While man-made materials will always have a place in the case of acute trauma, biologics have the potential to take over all degenerative conditions. In the U.S., this may be accelerated by the recently upheld Affordable Healthcare Act, which eliminates insurance companies’ ability to exclude coverage for pre-existing conditions. This will lead to coverage for more patients for a higher class of medical solutions, including biologics.
Biologics are already taking great strides, particularly in the field of orthopedics. Allograft tissue transplants, such as those offered by the Musculoskeletal Transplant Foundation (MTF) and Allosource in sports medicine treatments, are presently employed for ligament reconstruction, cartilage repair, and meniscal transplantation and spine fusion. Bone Morphogenetic Proteins (BMPs) are helping broken bones regenerate and heal. Synthetic bone graft substitutes are providing biologically active alternatives with the opportunity for greater global expansion due to reduced ethical, cultural and regulatory limitations. Implant surface modifications are improving implant integration, bone formation and wound healing. 3D printing of biocompatible materials is addressing the increasing need for transplantable tissues and organs. Fat transfers are literally transforming patients disfigured from disease and injury. Non-embryonic stem cells represent the next generation of medicine for everything from Parkinson’s to Alzheimer’s and, possibly in the future, organ tissue regeneration.
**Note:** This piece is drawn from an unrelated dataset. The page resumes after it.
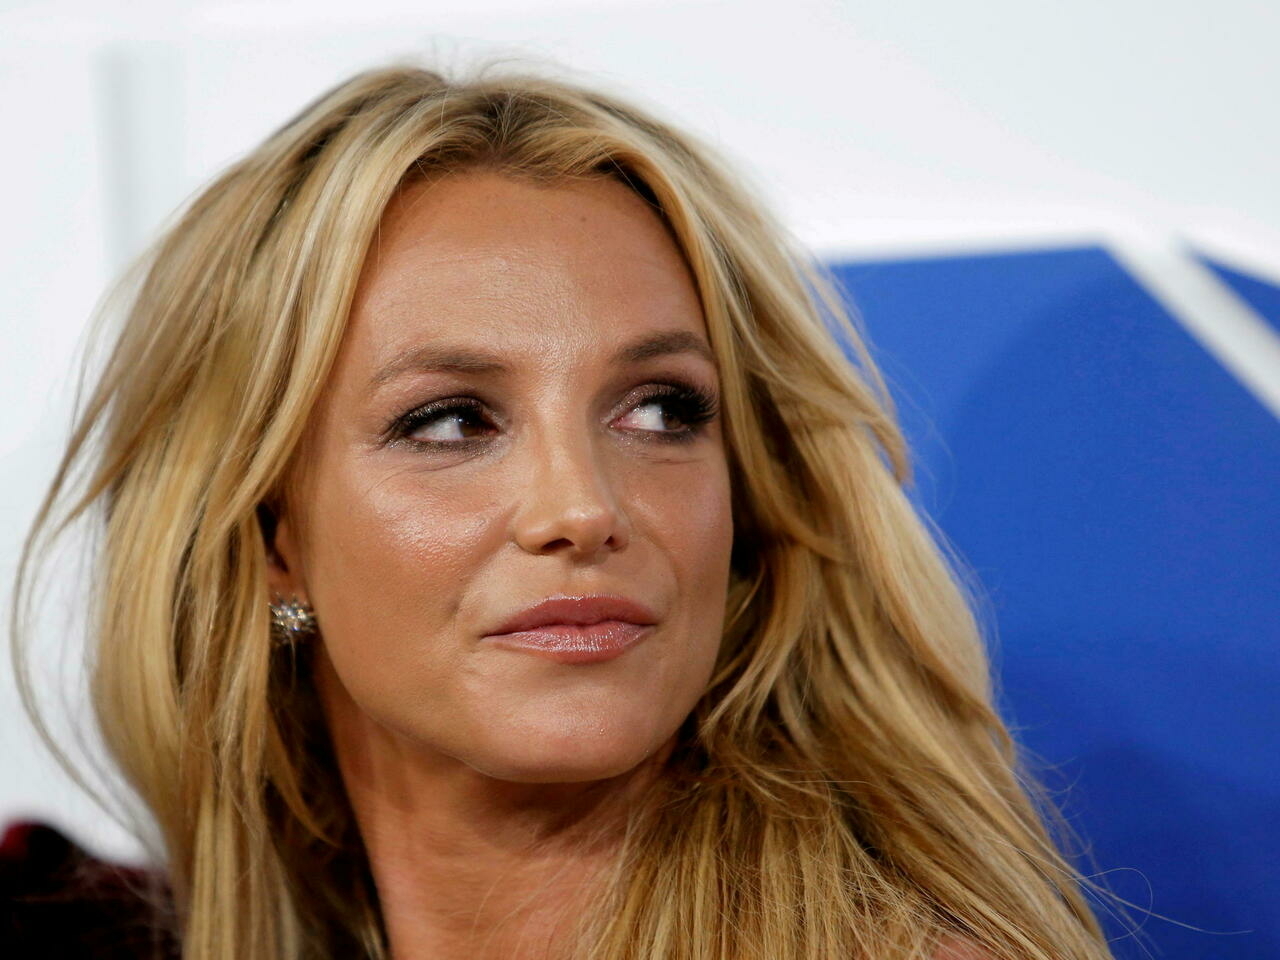 “He tenido que jugar a ser adulta toda mi vida”: Britney Spears envió un contundente mensaje a su familia

Using naturally occurring cells to treat diseases, fractures and other ailments is the ultimate goal of biologics pioneers. Progress can be seen in hospitals across the world, whether in the form of injecting Platelet Rich Plasma (PRP) into an injured Major League Baseball player’s arm or using stem cells to treat and heal a patient recovering from necrotizing fasciitis (flesh-eating bacteria). This growth is forcing the surrounding markets to evolve or fade away as biologics continue to mature.
The metal implant arena serves as a prime example, as issues with deteriorating devices have led to waning confidence in traditional technology. The Associated Press reported that “metal hips accounted for about 27 percent of all hip implants in 2010, down from nearly 40 percent in 2008. Doctors have begun turning away from the implants amid several high-profile recalls, including J&J’s recall of 93,000 metal hips in 2010.” Due to increased concerns over the “leak of traces of metals into the bloodstream,” the UK’s 2012 Medicines and Healthcare products Regulatory Agency (MHRA) guidelines suggested “annual check-ups should be continued for the life of the implant” for patients with “metal-on-metal” hip implants, instead of the earlier recommended five years post-surgical annual check-ups.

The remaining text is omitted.